Recently I posted on the fact that New York State Attorney General Elliott Spitzer had gone after Intermix, a public company alleged to be using spyware in their marketing efforts (Spyware, Downloads & the Law). Now, as many have thought, it seems that may be just the beginning. In an Associated Press (AP) article today (Will Spyware Be Spitzer’s Next Big Thing?) it seems Spitzer and his staff are determining when, and how, to be most effective…just like they have with mutual fund dealers and insurers. Maybe it’s just about getting everyone to agree what constitutes adware, spyware and malware? That would be a good thing!
bq. “We strongly support efforts to clean up spyware and rid the Internet of malicious software,” said Daniel Todd of 180 Solutions, a major adware company. “As a company that is providing free software and products to consumers, we think that working with technology experts, legal scholars, researchers and anti-spyware companies to establish such standards is a top priority.”
In the AP article it was noted:
bq. “Some repair shops blame spyware, particularly the subset of ad-delivery programs called adware, for more than half the trouble they’re seeing.” IT went on to say that one study found spyware on the computers of 80 percent of participants.”
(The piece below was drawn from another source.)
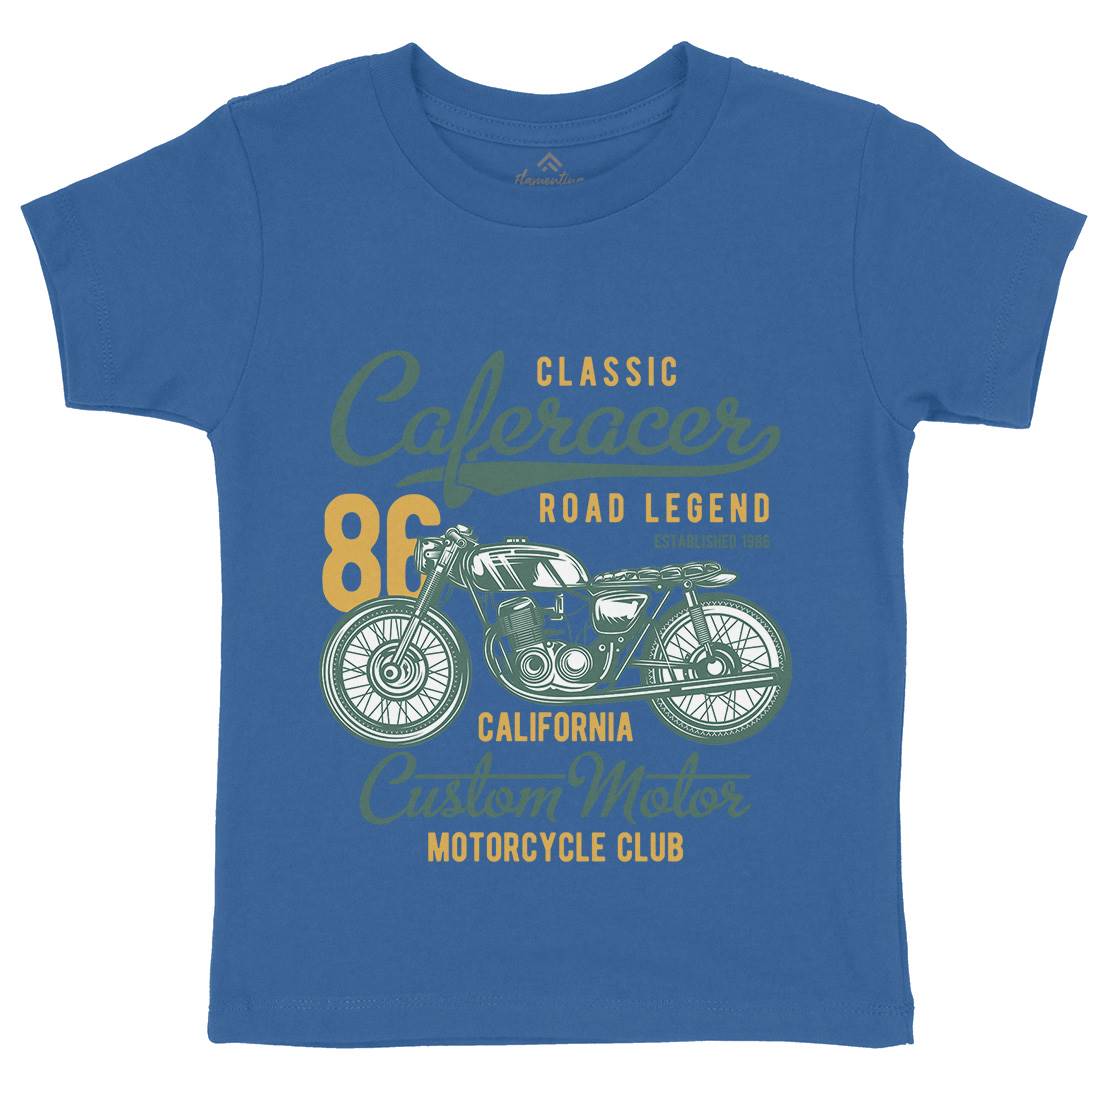 Caferacer Kids Crew Neck T-Shirt Motorcycles B834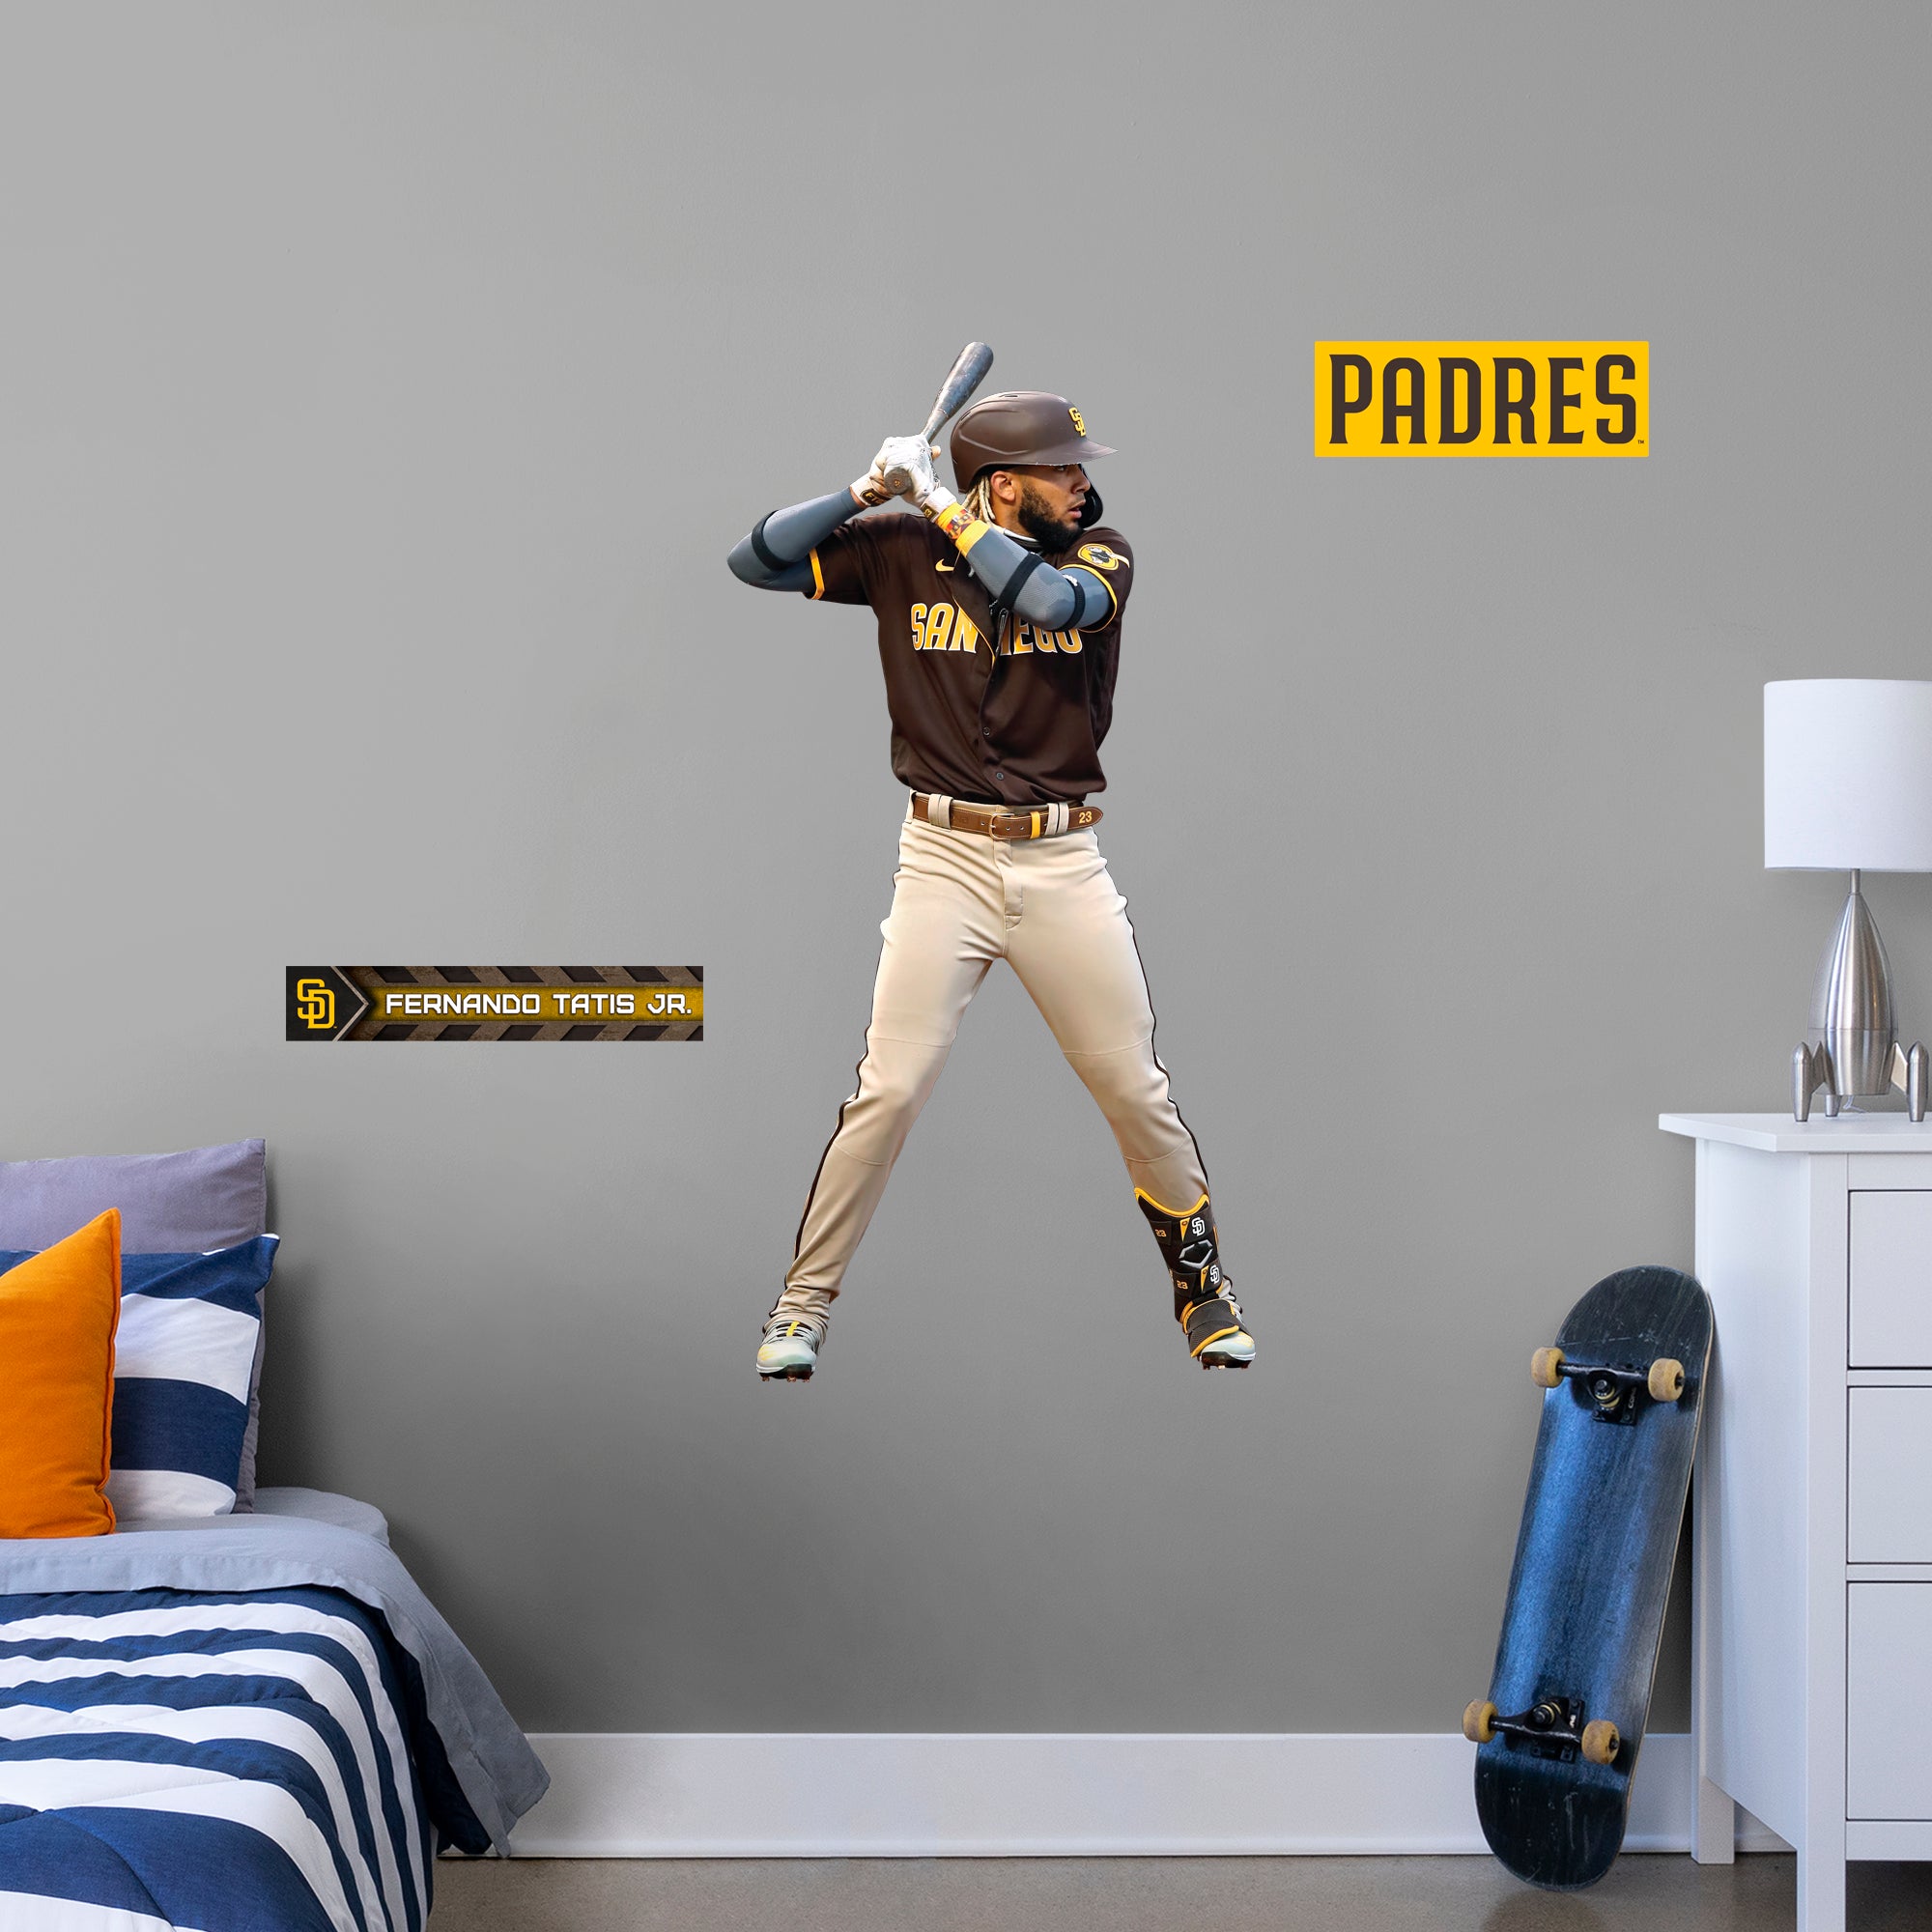 Fernando Tatis Jr for San Diego Padres: RealBig Officially Licensed MLB Removable Wall Decal Giant Athlete + 2 Decals by Fathead

Maybe Spitzer’s actions have a lot to do with his reported drive for the 2008 Presidential elections; address concerns of consumers, make the tough (for business) but popular (for consumers) decisions. Still, it would be good for all legitimate marketers to have a standard set of definitions of what constitutes spyware. Many legitimate permission marketers use technologies that are not much different from what experts classify as spyware. Maybe it’s about how you use the technology.
What do you think? Is there a fine line between spyware and legitimate tracking of the activity of permission-based relationships? Where do you see this going?